Common Challenges Volunteer Firefighters and their Leaders Face

volunteer firefighters

The National Fire Department Registry (NFDR) published a report in April 2017 detailing the number and type of personnel who man the firehouses throughout the US.  The NFDR published that there are 27,192 fire departments that staff about 1,215,300 firefighting personnel.  One striking and surprising result of the NFDR study is that of the active firefighting personnel, 32 percent were career firefighters, 56 percent were volunteer firefighters, and 12 percent were paid-per-call firefighters.

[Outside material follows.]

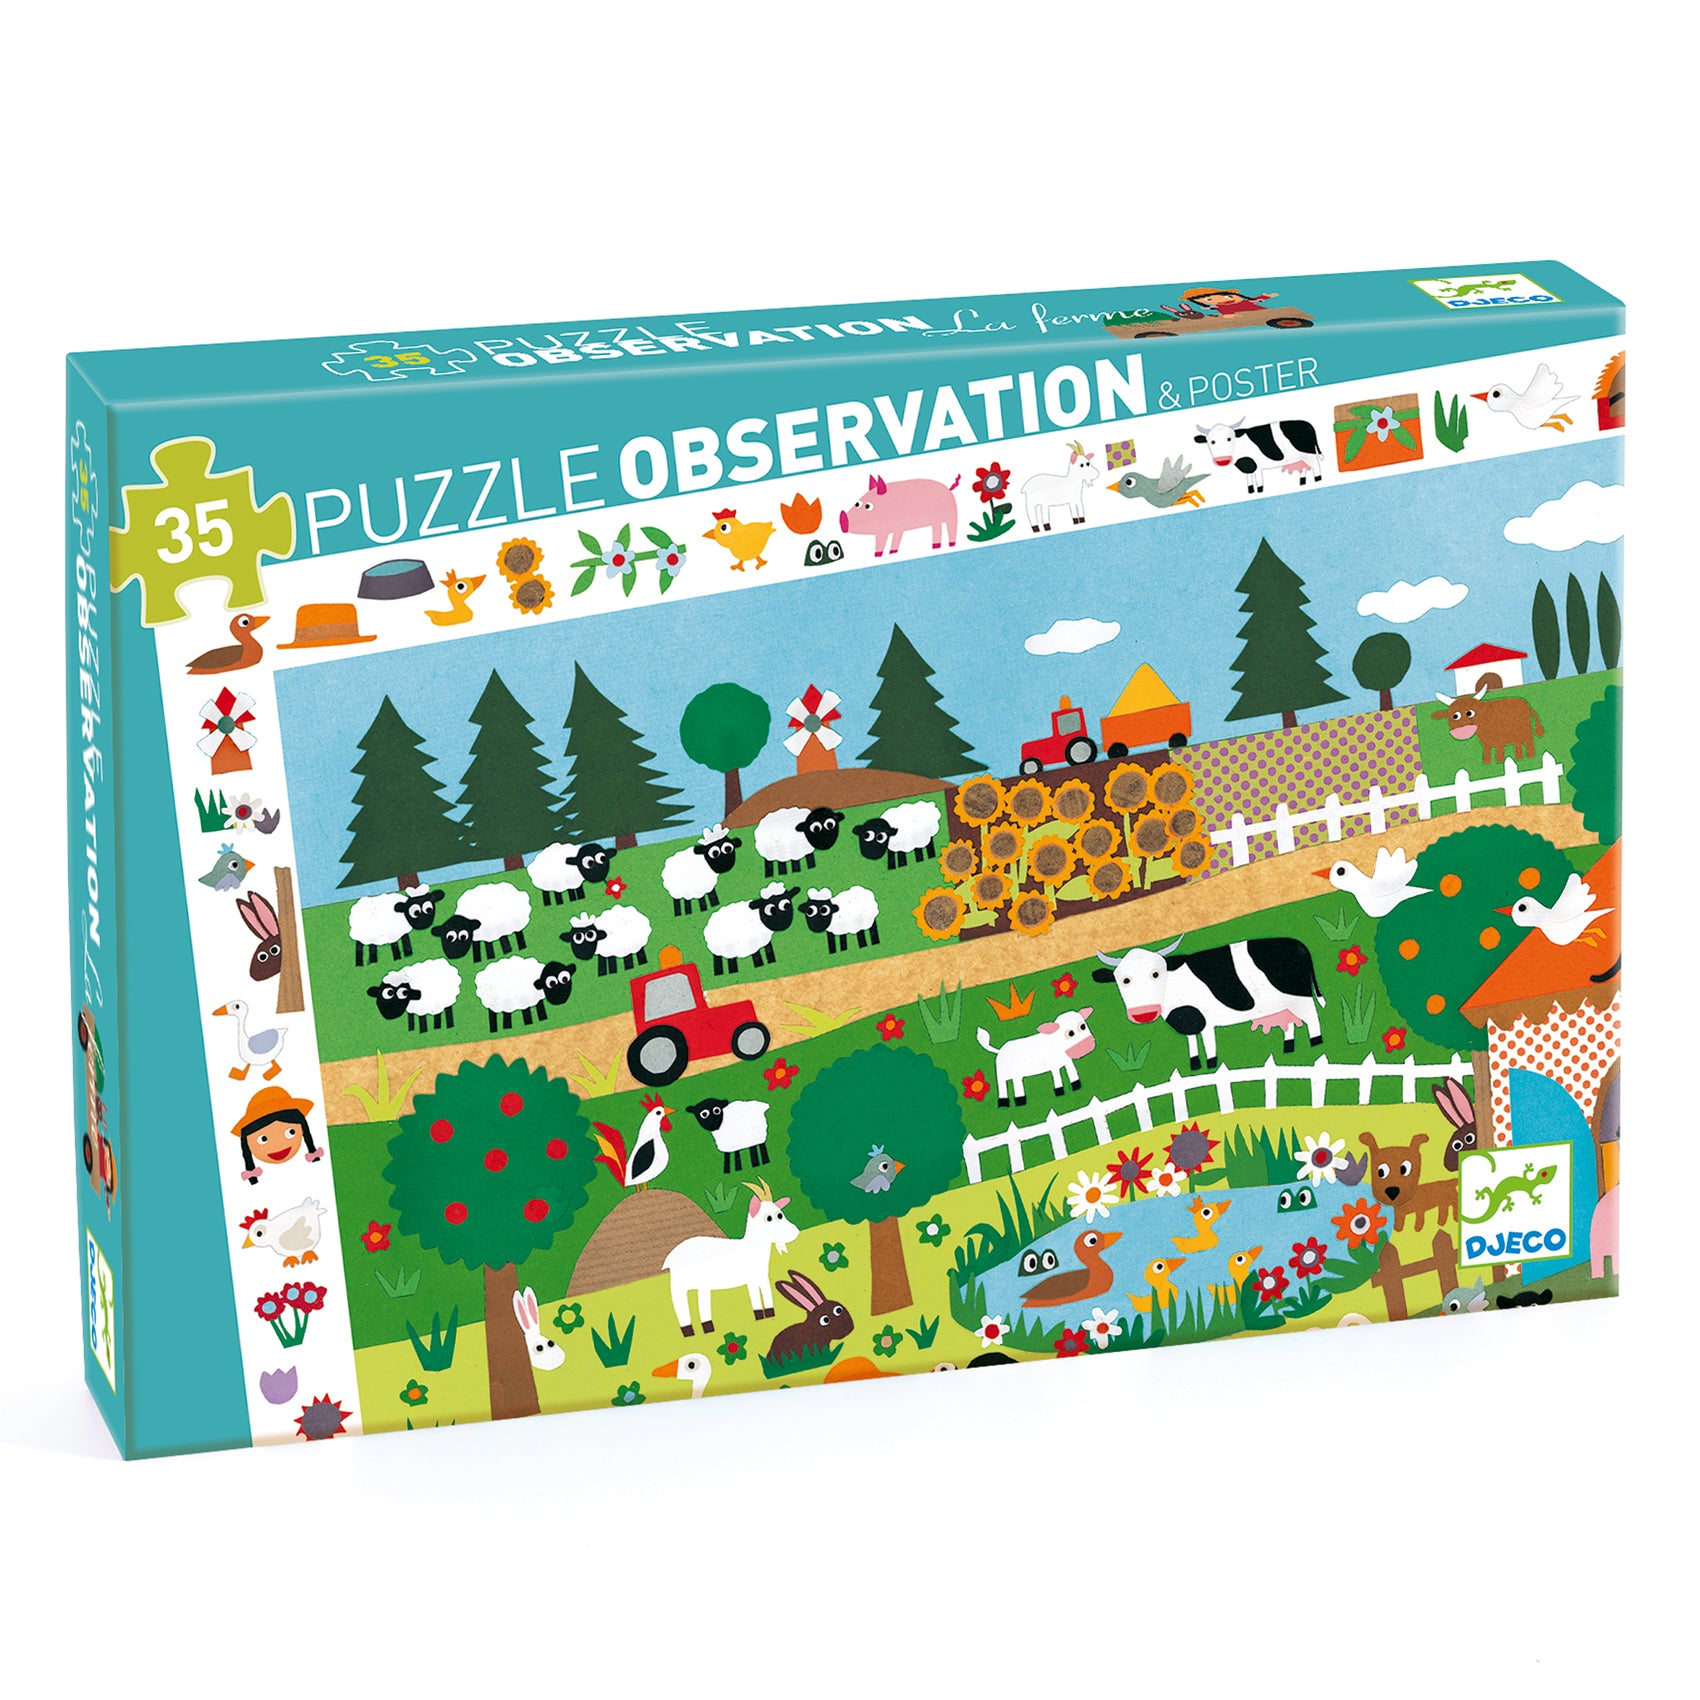 Puzzle Observation: Farm Puzzles 35pcs

The statistics compiled by the NFDR highlight a challenge faced by fire departments and the cities, towns, and municipalities they are sworn to protect.  The fact is that when you call for help or have an emergency, five out of ten firefighters who show up to render aid are volunteering. Volunteer fire departments cover vast sections of the country that are not serviced by paid fire services.  Traditionally these departments existed primarily to respond mainly to structure and wildland fires.  However, as funding for EMS services is reduced, volunteers are finding themselves responding to accidents, technical rescue, and other life-threatening emergencies.  The new administration’s unprecedented cuts have also befallen onto volunteer fire station budgets.  The budget cuts and reduced funding are raising concerns about the state of department readiness and the ability to respond with near obsolete equipment. In order for the volunteer agencies to succeed they must keep up with the needs, growth, and changes of their community and society.  Simply put, you simply cannot use 1960 technologies to service 2018 problems.

Obsolete equipment and training issues are not the biggest challenges faced by the volunteer fire department brigade.  Across the country, small, rural fire departments are struggling to recruit and retain volunteer firefighters. The number of volunteer firefighters nationwide has declined 15 percent between its all-time high in 1984 and its all-time low in 2011.  To further exacerbate the situation, over that same period, the number of calls has increased nearly 300 percent nationwide.  The decline in volunteerism in the fire service has been attributed to a number of different causes.  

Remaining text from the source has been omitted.